In this paper, the GL-Compound method is used to represent the movement of each region of the body using global parameters in combination with local parameters, and the scoring results are shown in Fig. 5, where the line graphs show the attention of the high-quality score features of the branches of the dynamic flow of a sample, and for the convenience of the presentation only 32 of the 256 segments of the attention are selected for the plots, which show the two high-attention segments and two low attention segments, the length of the segments is 16 frames, in order to facilitate the display only 8 frames are shown in the figure.

Qualitative research on mass fraction decoupling module
According to the model design of this thesis, when a clip has a high similarity score of dance movements, it means that the clip shows movements that have a positive effect on the quality score, e.g., the contestant in the image clip from 50 to 100 frames completed a good Freeze movement with perfect body control, and thus received a high score, up to 0.94. The contestant in the image clip from 120 to 150 frames did not complete the movement, and their body posture was not perfect. movement was not completed and the control of the body posture was poor, thus receiving a lower score, as low as 0.17, and the clip represented by 225~250 in which the contestant only performed a turn, thus receiving a lower score for the calculation of the similarity of the dance movement.

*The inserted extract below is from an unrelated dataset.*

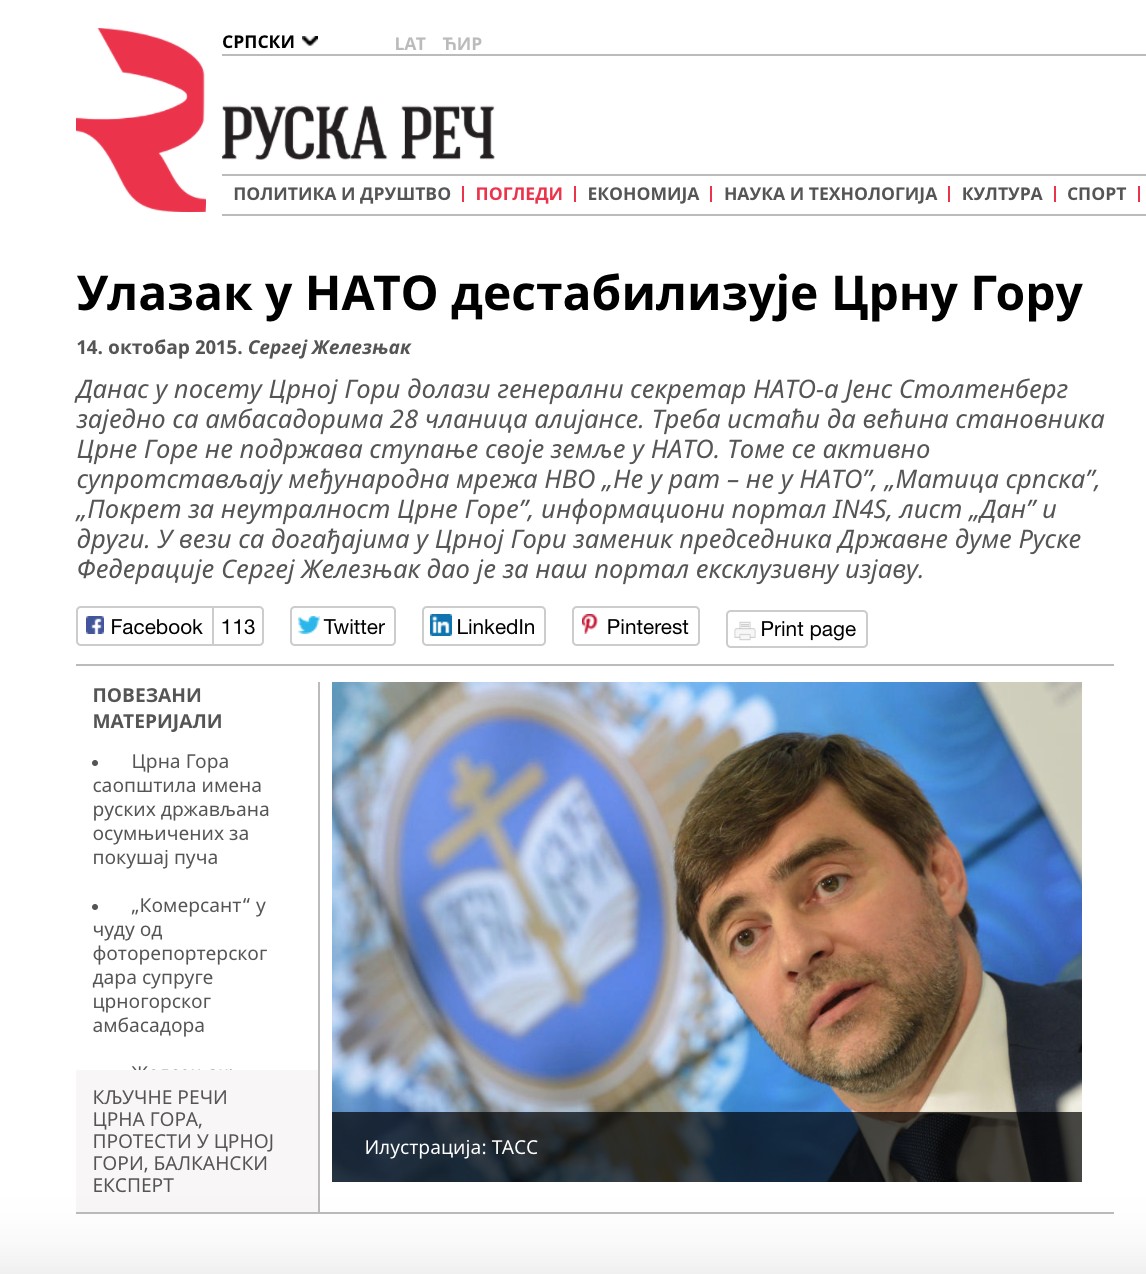 NATO_destabilizuje_CG

In this paper, dance movement images are captured by an industrial camera, followed by the classification of human movements using the CTC segmentation method. The recognition of human posture is realized by the human skeletal model. The GL-Compound method is introduced to calculate the similarity matching sequence between the skeleton joint point sequences of human gestures to complete the quantitative analysis of the accuracy and completion of the dance learner’s movements. After analyzing, it can be seen that the human dance posture detection methods proposed in this paper have a good detection effect with their intersection and concordance ratios exceeding 0.85. And the advantage of detection accuracy is significant for dance movements with more lower body movements. Using the method of GL-Compound similarity calculation matching, the dance movement posture of the human body is precisely analyzed to obtain the effective difference of human body movement, which provides theoretical support for the scientific training of dance.